Primary stage through all layers. There is no evidence of invasion in the biopsy.

Chancre


Secondary stage through all layers. There is no evidence of invasion in the biopsy.

Lymphode enlargement

Syphilid


Systemic involement in tertiary syphilis through all layers. There is no evidence of invasion in the biopsy.

Gumma formation


Tertiary stage through all layers. There is no evidence of invasion in the biopsy.

Gumma


Clinicopathological feature1
Clinicopathological feature through all layers. There is no evidence of invasion in the biopsy.

  • Acquired syphilis

  • Congenital syphilis


Congenital syphilis
Congenital syphilis through all layers. There is no evidence of invasion in the biopsy.

  • Syphilitic hepatitis

  • Syphilitic pneumonia

  • Desquamation of skin

Early death

  • Osteochondritis

  • Perichondritis

Bone deformities


Malformation of the teeth through all layers. There is no evidence of invasion in the biopsy.

Saddle nose


Sexually transmitted disease std1
Sexually transmitted disease(STD) through all layers. There is no evidence of invasion in the biopsy.

  • Gonorrhea

  • Syphilis

  • Condylomata acuminata


Condylomata acuminata veneral warts
Condylomata acuminata (veneral warts) through all layers. There is no evidence of invasion in the biopsy.

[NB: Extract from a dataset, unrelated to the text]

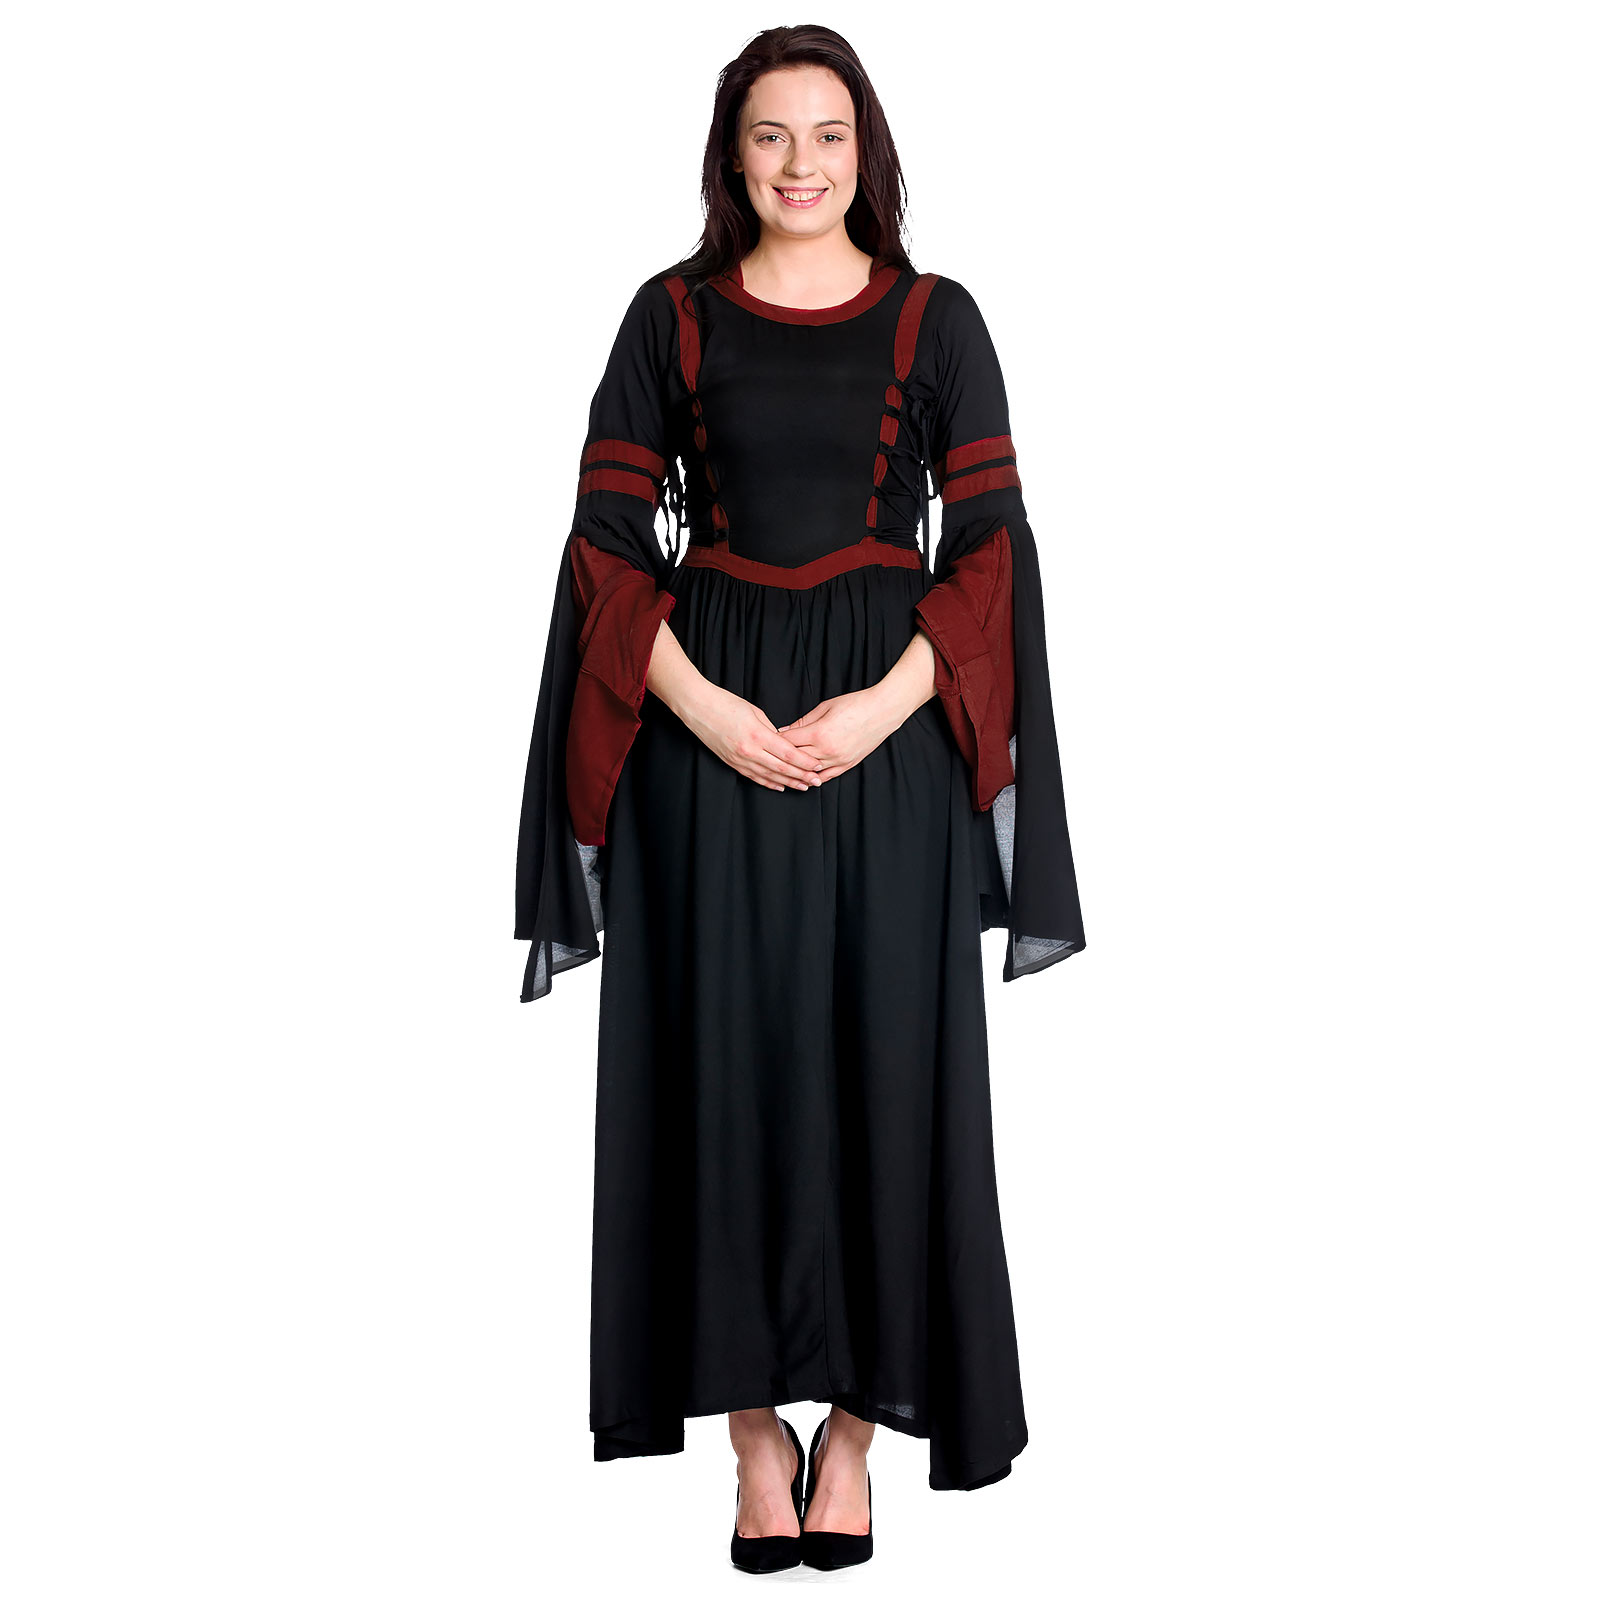 Middeleeuwse Capuchonjurk Isolde Zwart-Rood
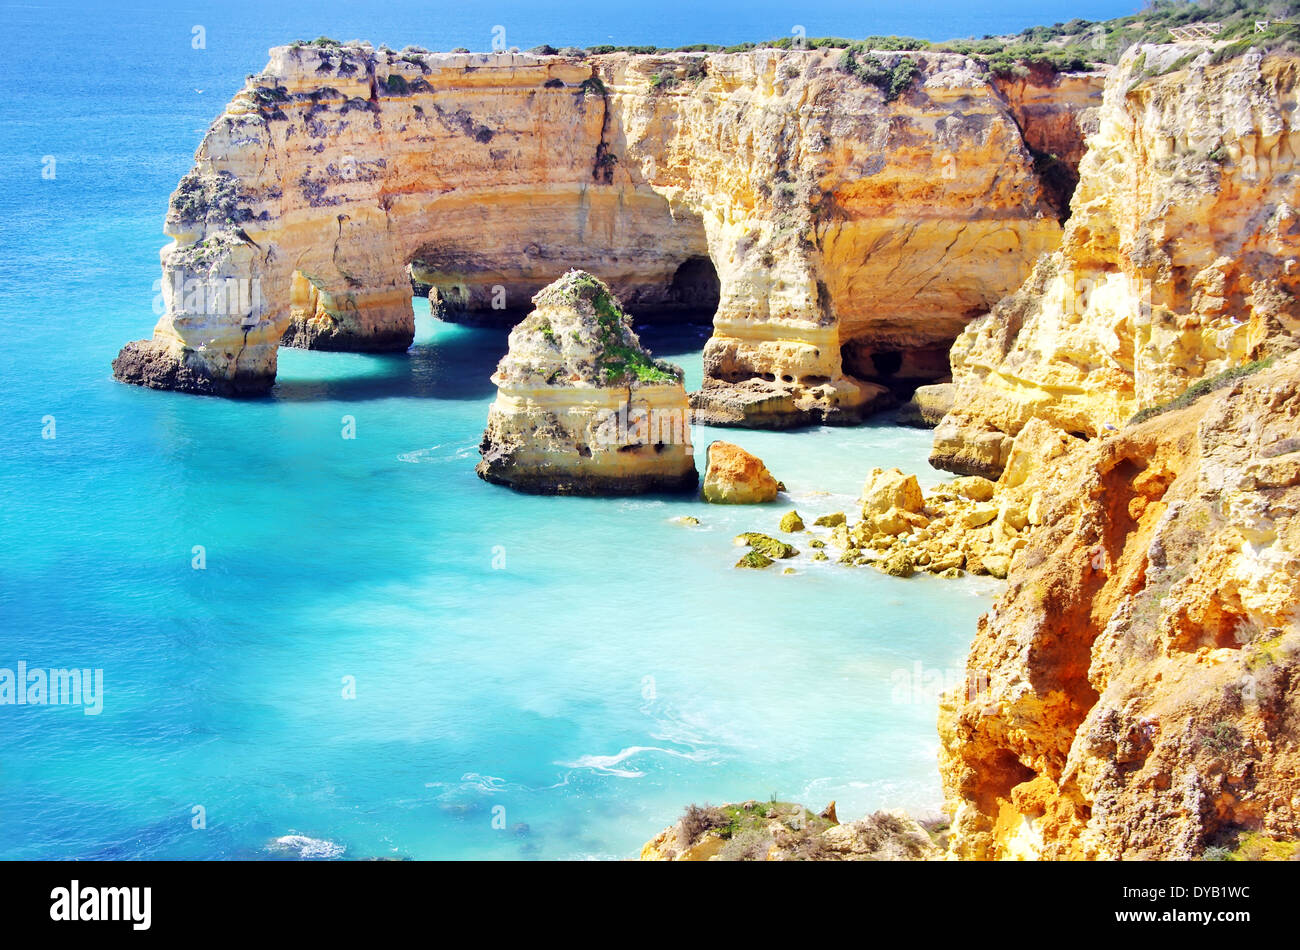 La plage de Marinha, située sur la côte Atlantique au Portugal, Algarve. Banque D'Images

  • Causative organism:Human papillomavirus(HPV)6,11

  • Spread of infection

Sexal intercourse

Indirect contact


Condylomata acuminata through all layers. There is no evidence of invasion in the biopsy.


Condylomata acuminata through all layers. There is no evidence of invasion in the biopsy.

Koliocytosis


Gold criteria for diagnosis through all layers. There is no evidence of invasion in the biopsy.

In situhybridization (ISH)

Electronmicroscopy


Suggested reading through all layers. There is no evidence of invasion in the biopsy.


Case study1
Case study through all layers. There is no evidence of invasion in the biopsy.

  • A 74-year-old retired fruit-farm labourer says that he has been feeling unusually tired and has lost his appetite. Initial blood tests show that he is anemic, with an Hb of 9.8g/dl and has renal failure with a blood urea of 26mmol/l and a creatinine of 280mmol/l.On further enquiry, you find out that he has had a poor urinary system, with some frequency, nocturia and a post-micturitional dribble.


Physical examination
Physical examination through all layers. There is no evidence of invasion in the biopsy.

  • Rectal examination reveals a rubbery, firm, smooth enlargement of the prostate gland. Further investigations include an intravenous urogram (IVU) which showed both kidneys to be functioning but also showed bilateral hydronephrosis with hydroureter.


Questions2
Questions through all layers. There is no evidence of invasion in the biopsy.

  • what is the most likely diagnosis?


Questions3
Questions through all layers. There is no evidence of invasion in the biopsy.

  • what further tests may be helpful?


Questions4
Questions through all layers. There is no evidence of invasion in the biopsy.

  • what abnormality is seen in the bladder?